I’ve been using Raspberry Pi single-board computers for video players for years now, and I’ve also used them as audio players, but I was missing a good way to use them as slide show devices… Until now.
I’ve used Screenly OSE for the MMPIS at Milwaukee Makerspace, and while Screenly is great for what it is (a network-connected, browser-controllable, digital signage device) sometimes you don’t want all the options and features and you don’t have a network. So I needed another solution.
I found fbi, “the Linux framebuffer imageviewer”, which can run at boot up and display a folder full of images at full screen with a configurable delay between changing images. Perfect!
Now, there’s one more thing… If I’m going to put this somewhere that doesn’t have a network connection (like, in a museum) I want to be able to easily update the slides. The slides won’t be changing daily, but may be changing every month or so. For something like this it’s easy to store the images directly on the /boot volume, which is accessible on the SD card when you pop it in a Mac OS X or Windows computer.
You’ll notice a folder names “slides” and a file named “slideshow.sh”, which do the hard work here. It’s actually ridiculous to call it “hard work” because it’s dead simple. The slides folder contains images which will be displayed in alphabetical order. (Sadly, my screen shot does not reflect this!) In an ideal world you’d name your images 0001.jpg, 0002.png, 0003.jpg, etc. Just name them in order, and they’ll display in order. Easy.
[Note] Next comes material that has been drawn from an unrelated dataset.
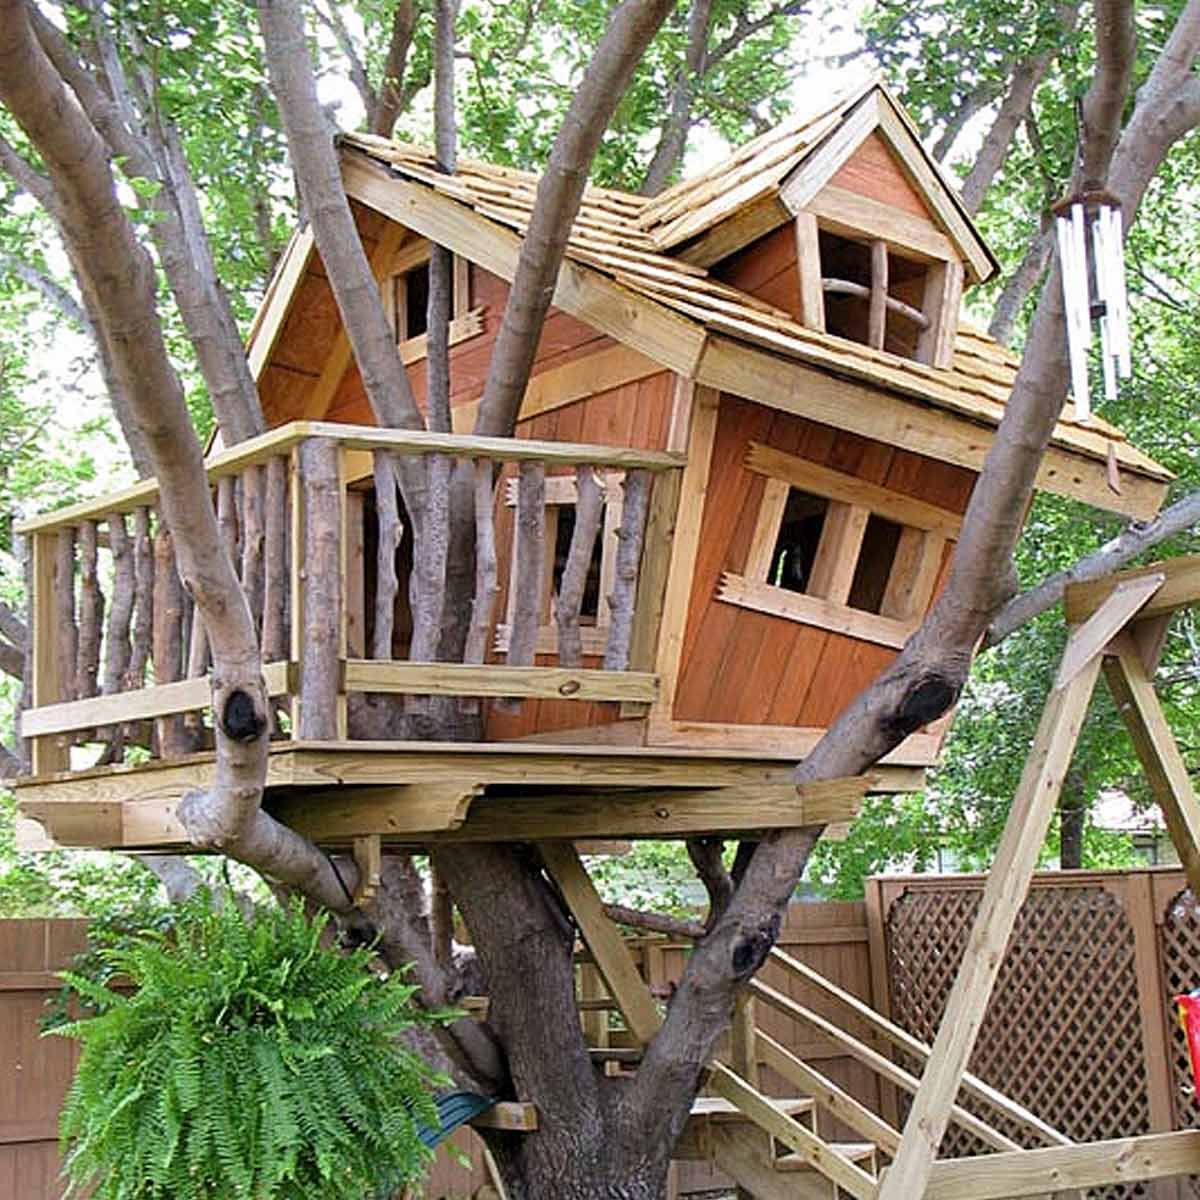 8 Tips for Building a Treehouse | Family Handyman

The SD card only has about 40MB of free space for you to put images on, but with JPG compression of photos, you can probably fit plenty of them. OK, so once you’ve got your folder full of images (which you can easily update on the SD card) you’ll need some way to run the slideshow.sh script.
Typically I do a
sudo nano /etc/rc.local and add what’s needed to run my script. In this case it’s the
/bin/bash /boot/slideshow.sh & you see on line 20. Oh, don’t forget to set the Pi to auto-login at boot. Since it’s been added to recent versions of Raspbian you don’t even have to muck around anymore.
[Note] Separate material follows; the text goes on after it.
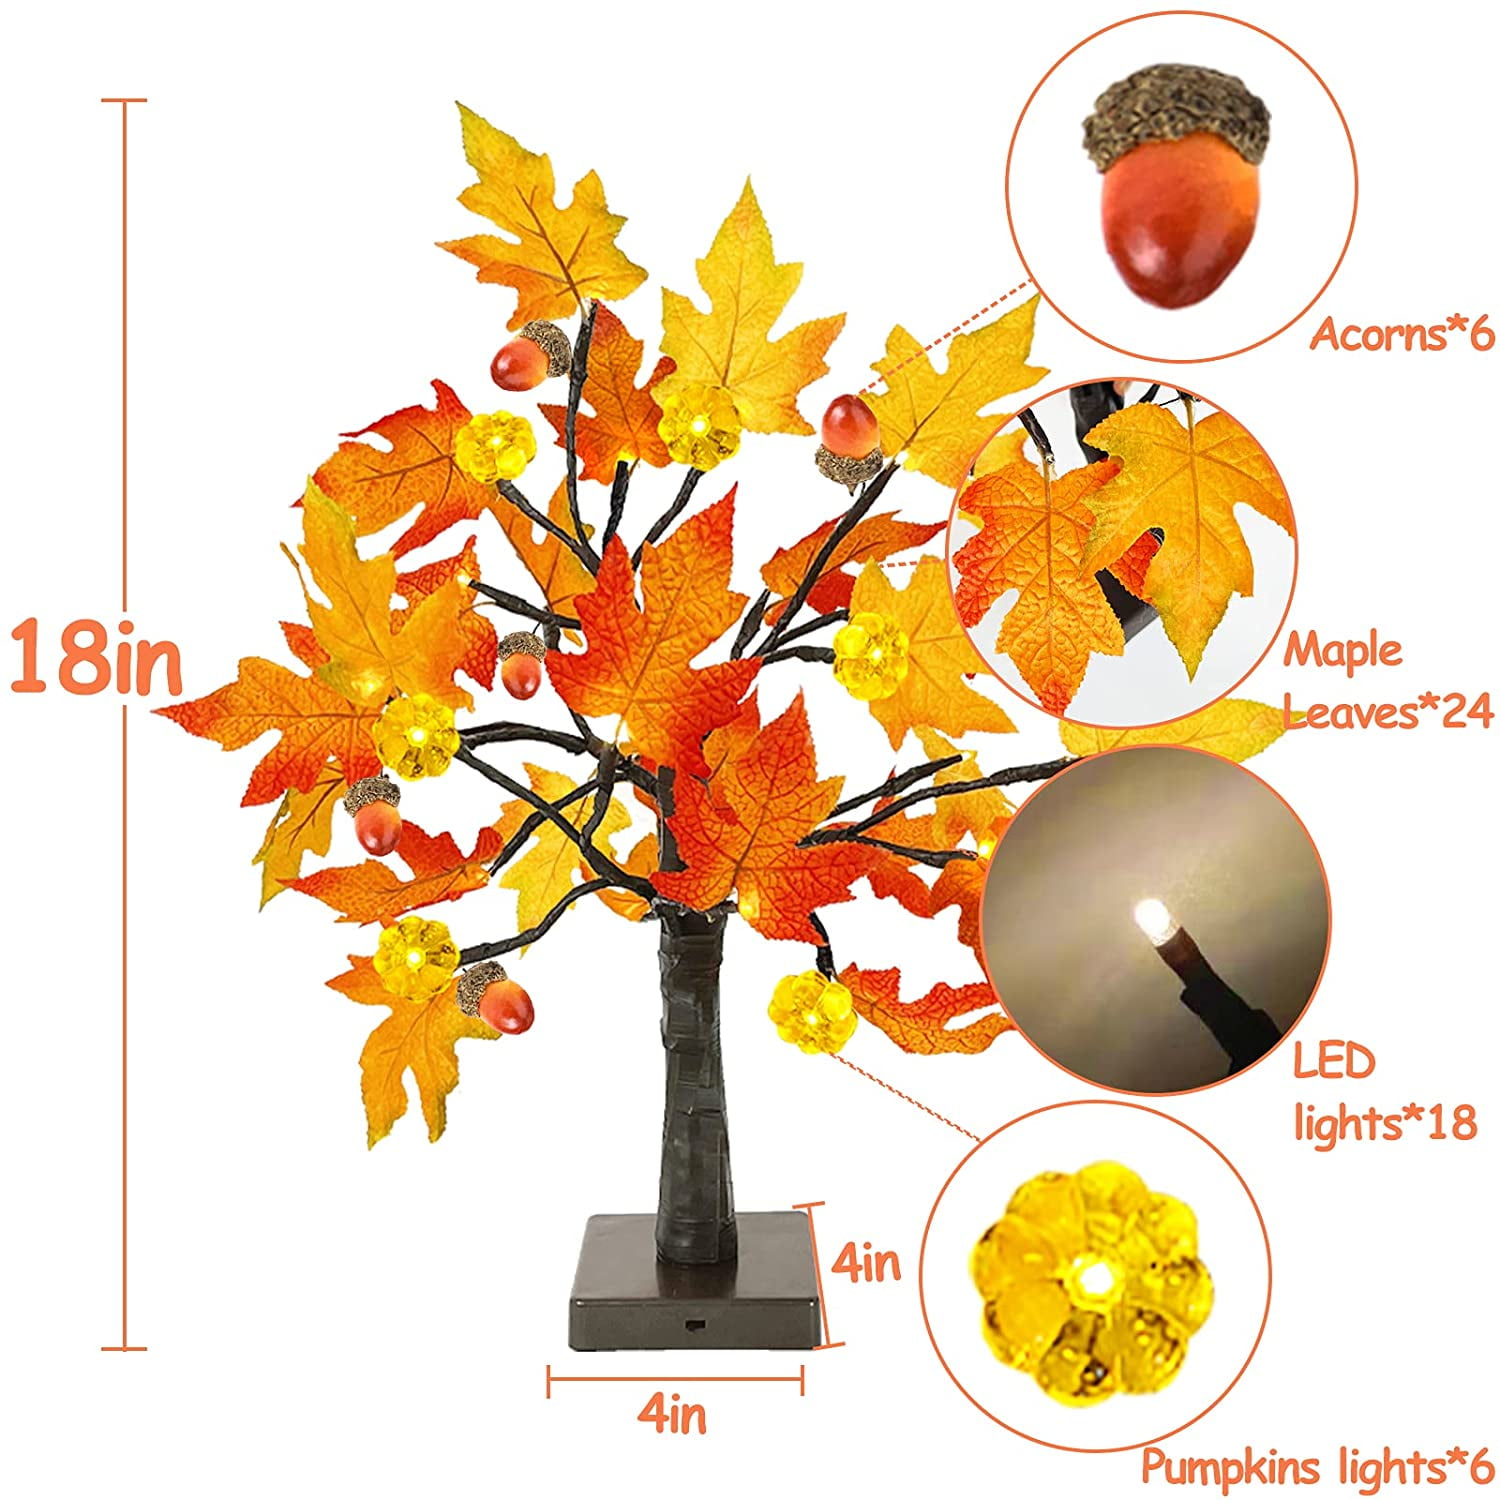 TURNMEON 18'' Fall Lighted Maple Tree with Timer 24 Pumpkin Lights Battery Operated Lighted Artificial Maple Leaf Tree for Fall Decor Thanksgiving Autumn Harvest Home Tabletop Indoor Decorations

#!/bin/sh -e # # rc.local # # This script is executed at the end of each multiuser runlevel. # Make sure that the script will "exit 0" on success or any other # value on error. # # In order to enable or disable this script just change the execution # bits. # # By default this script does nothing. # Print the IP address _IP=$(hostname -I) || true if [ "$_IP" ]; then printf "My IP address is %s\n" "$_IP" fi /bin/bash /boot/slideshow.sh & exit 0
So yeah, we’re all set… but you probably want to see the code in slideshow.sh, right? This is it. Right here. Yes, it’s pretty much just two lines. Linux is like that sometimes… It’s not hard implementing something, it’s just hard finding out exactly how to implement something. It can be hard finding those two lines that you need! (The 20 may need adjustment. Longer may be better, but in my testing on a Raspberry Pi 2 Model B it worked well.)
#!/bin/sh sleep 20 fbi -a -t 6 --blend 200 --readahead --noverbose -T 1 /boot/slides/* >/dev/null 2>&1
There’s some parameters you can set, like
-t 6 which sets each slide to display for 6 seconds, and the blend thing, which sort of works. Hey, it’s a slide show, okay!?
I’ll probably work on this more, but I was pleased to find a solution so I thought it was worth sharing.